# Cement-based Product Comparison Chart



## hellohello (Oct 17, 2013)

Does anyone know if there is a comparison chart available for cement-based products? I'd like it for reference, since I'm trying to learn a little bit more about masonry. For example, I'd like to know what is the difference between concrete, masons mix, sand/topping mix, modified thinset, unmodified thinset, stucco mix, scratch coat mix, etc. What is each composed of (i.e. sand, lime, portland cement, aggregate, etc), and how much of each? For example, sand/topping mix is sand and portland cement in a ratio of [insert ratio here], and masons mix is sand/topping mix with some lime in it in a ratio of [insert ratio here], etc. And then what's the product to water ratio of each mix?

I feel a chart would be REALLY handy for this, and make it easy to compare and contrast different cement-based products. So anyone have a link to one?


----------



## Tscarborough (Mar 31, 2006)

It would be handy, but there is no such thing, nor is one really possible in the format you want.

"Cement" is a term for an action, not a material, and can thus vary from cow milk to epoxy. What the material IS is not nearly as important as what you want to use it for.

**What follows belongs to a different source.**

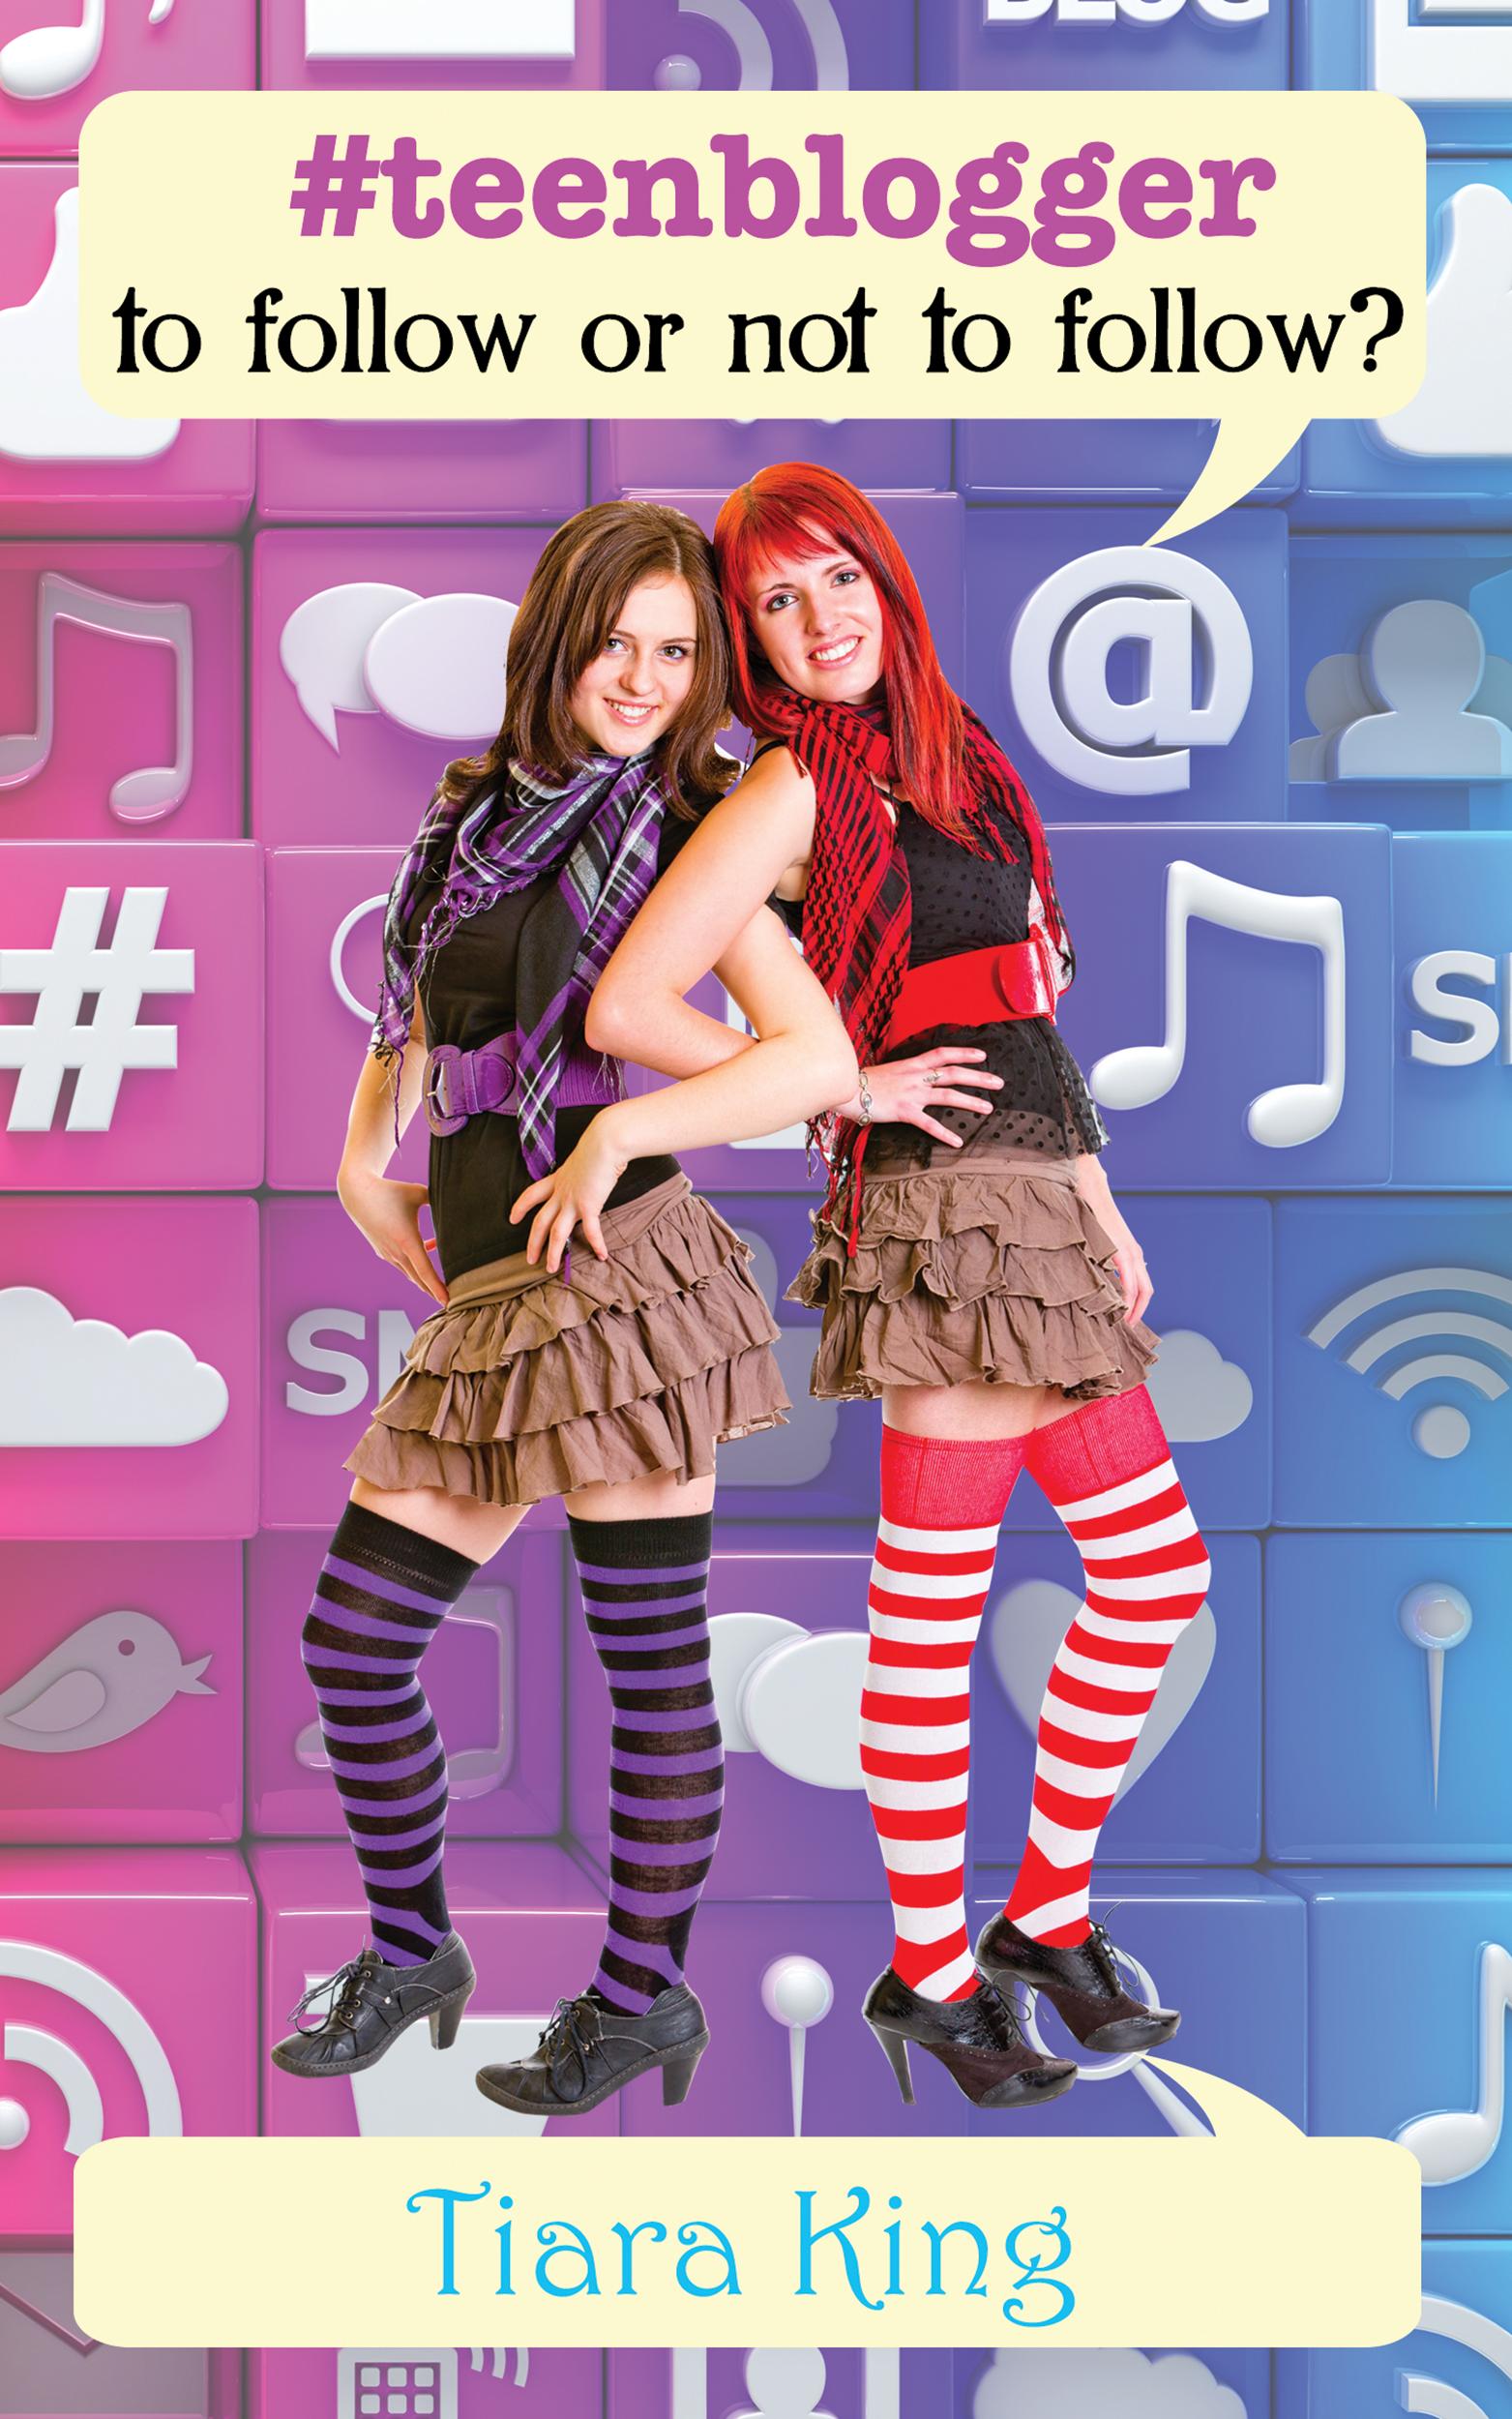 Tiara King's #teenblogger: To Follow Or Not To Follow?

For example, concrete and mortar can consist of the same things, i.e. portland cement, aggregate, and water, but they are not the same and the desired properties of the finished material are extremely different.

Since you can't define by name and you can't define by ingredients, the only thing left is to define by required physical properties. This is usually how materials are specified, although the goal of every manufacturer is to have their product specified by name even though it it may not be composed of any proprietary materials or methods.

For example, mortars are specified by their strengths: Type M(2500psi), S(1800psi), N(750psi), O(350psi), K(no strength, usually specified by mix design). This can be done in one of 2 ways, by PERFORMANCE or by PROPORTION. Google "mortar ASTM-C270" for more information.

All that said, here are some definitions of terms that cause problems when homeowners interact with professionals, because these terms mean specific things in the industry and are not really interchangeable.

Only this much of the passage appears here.